The Chrome Dev Tools network tab has an initiator column that will show you exactly what code initiated the network request.
I'd like to be able to get network request initiator information programmatically, so I could run a script with a url
and request search string
argument, and it would return details about where every request with a url matching request search string
came from on the page at url
. So given the arguments www.stackoverflow.com
and google
the output might look something like this (showing requesting url, line number, and requested url):
/ 19 http://ajax.googleapis.com/ajax/libs/jquery/1.7.1/jquery.min.js
/ 4291 http://www.google-analytics.com/analytics.js
I looked into PhantomJS, but its onResourceRequested
callback doesn't provide any initiator information, or context from which it can be derived, according to the documentation: http://phantomjs.org/api/webpage/handler/on-resource-requested.html
Is it possible to do with with PhantomJS at all, or some other tool or service such as selenium?
UPDATE
From the comments and answers so far it seems as though this isn't currently supported by Phantom, Selenium or anything else. So here's an alternative approach that might work: Load the page, and all of the assets, and then find any occurrences of request search string
in all of the files. How could I do that?

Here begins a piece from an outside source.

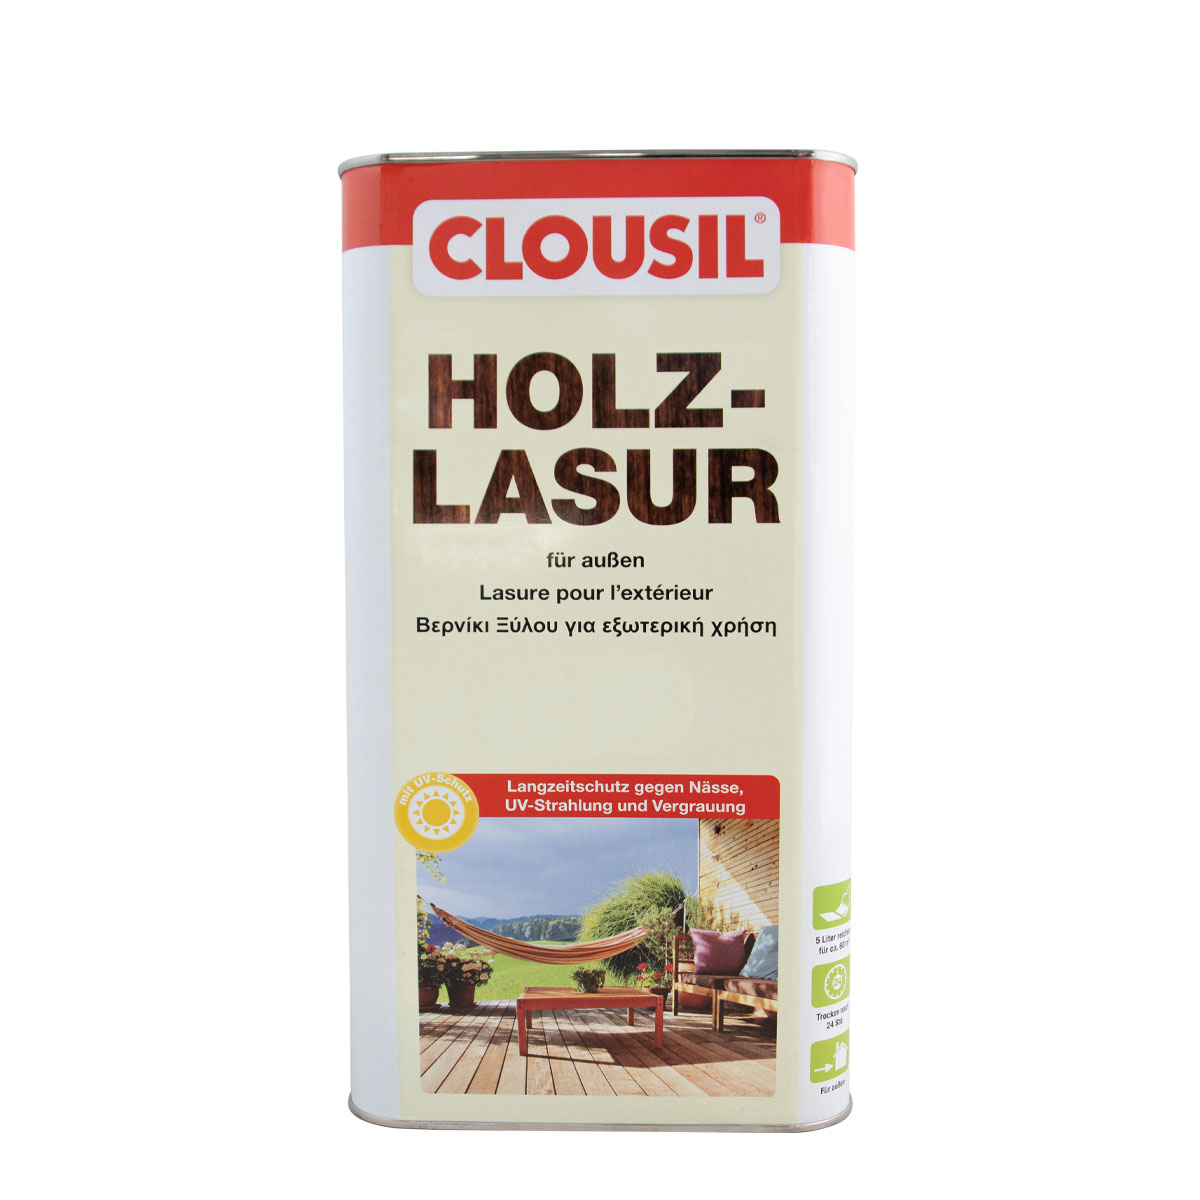 Clousil Holzlasur 5L mahagoni, für außen, schützt vor Witterung

# Request Initiator Chains in the Initiator tabAfter logging network activity in the Network panel, click a resource and then go to the Initiator tab to view its Request Initiator Chain: The inspected resource is bold. In the screenshot above, https://web.dev/default-627898b5.js is the inspected resource.
The Show request initiator chain option shows the chain of requests leading up to the selected request. The Request Chain tab shows a waterfall that only contains requests that lead up to this request. If the selected request is an initiator for other requests these Initiated Requests will also be shown.
You should file a feature request in the issue tracker against the DevTools. The initiator information is not exported in the HAR, so getting it out of there isn't going to work. As far as I know, no existing API allows for this either.
I've been able to implement a solution that uses PhantomJS to get all of the URLs loaded by a page, and then use a combination of xargs, curl and grep to find the search string at those URLs.
The first piece is this PhantomJS script, which simply outputs every URL requested by a page:
system = require('system');
var page = require('webpage').create();
page.onResourceRequested= function(req) {
console.log(req.url);
};
page.open(system.args[1], function(status) {
phantom.exit(1);
});
Here it is in action:
$ phantomjs urls.js http://www.stackoverflow.com | head -n6
http://www.stackoverflow.com/
http://stackoverflow.com/
http://ajax.googleapis.com/ajax/libs/jquery/1.7.1/jquery.min.js
http://cdn.sstatic.net/Js/stub.en.js?v=06bb9dbfaca7
http://cdn.sstatic.net/stackoverflow/all.css?v=af4b547e0e9f
http://cdn.sstatic.net/img/share-sprite-new.svg?v=d09c08f3cb07
For my problem I'm not interested in images, and those can be fitlered out by adding the phantomjs arg --load-images=no
.
The second piece is taking all of the URLs and searching them. It's not enough to just output the match, I also need the context around which URL was matched, and ideally which line number too. Here's how to do that:
$ cat urls | xargs -I% sh -c "curl -s % | grep -E -n -o '(.{0,30})SEARCH_TERM(.{0,30})' | sed 's#^#% #'"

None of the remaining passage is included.